We recently distributed flyers at the EV Roadmap conference, one of the leading electric and smart mobility conferences in the nation, to draw attention to the problem and shed light on potential solutions.
Uber and Lyft Are Urging People to Ditch Public Transportation
In the top nine major cities where Uber and Lyft operate, 60 percent of ride-hailing users would have taken public transportation, walked, or biked if a ride-hailing service hadn’t been available for the trip, according to a recent study. To add insult to injury, both Uber and Lyft have engaged in anti-transit marketing, explicitly telling riders to ditch trains and buses and opt for ride-hailing services, despite the fact that public transportation plays a significant role in reducing congestion and climate-disrupting emissions.
This photo was taken on a Boston red line public transit train urging riders to take a Lyft instead (and there appears to be an image of a Hummer in the top right).

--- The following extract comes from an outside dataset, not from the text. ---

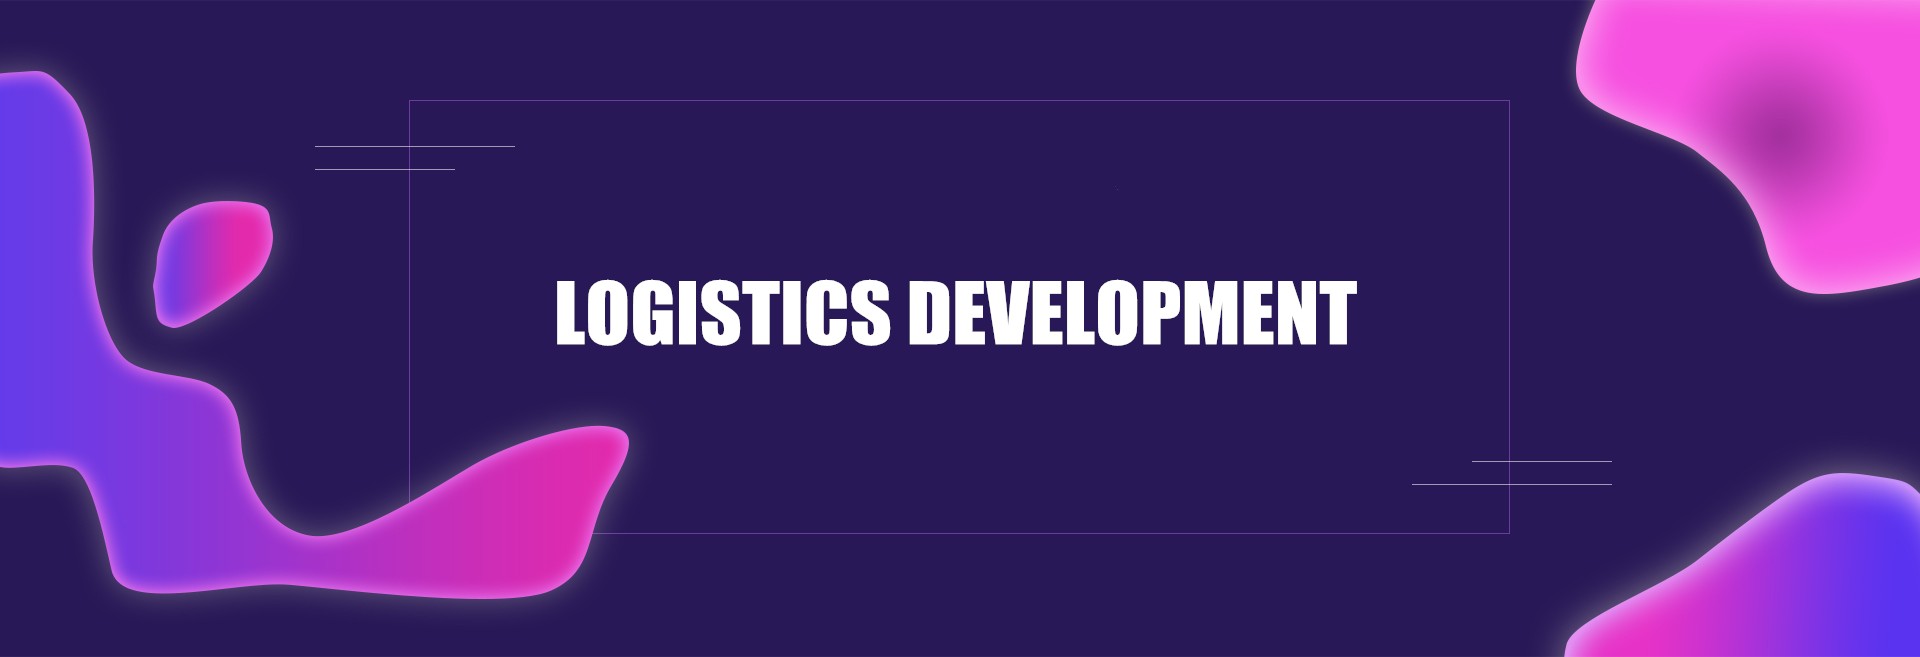 logistics development.jpg

In fact, Uber’s IPO, released in April, made it clear that the company considers itself in competition with public transportation. The specific language in the IPO states that Uber intends to “reach efficient scale and liquidity rapidly to attract consumers to use our platform as an alternative to...usage of public transportation and to achieve leadership in the ridesharing category.”
This is unacceptable.
The future of our transportation shouldn’t look like congested city streets filled with polluting Uber and Lyft cars, with Uber helicopters flying overhead catering to the wealthy. It can’t be a gig economy, where workers cannot support their families while company executives live in multimillion-dollar homes.
The Sierra Club Urges That Uber and Lyft:
- Set a goal and timeline toward 100% clean electric rides -- with clear interim targets (achieved through financial incentives for drivers and riders, a robust EV rental/lease program, partnerships, and advocacy for major EV infrastructure build-out, etc).
- Work with mass transit agencies -- beyond just small pilots -- to create programs that complement public transit and meaningfully reduce vehicle miles traveled in all major US cities and to not target transit riders in advertising and marketing.
- Commit to major policies that incentivize pooled rides on their platforms.
- Commit to all autonomous vehicles on their platforms being electric.
- Ensure that company policies toward these ends do not harm drivers or riders or get in the way of the drivers earning a living wage.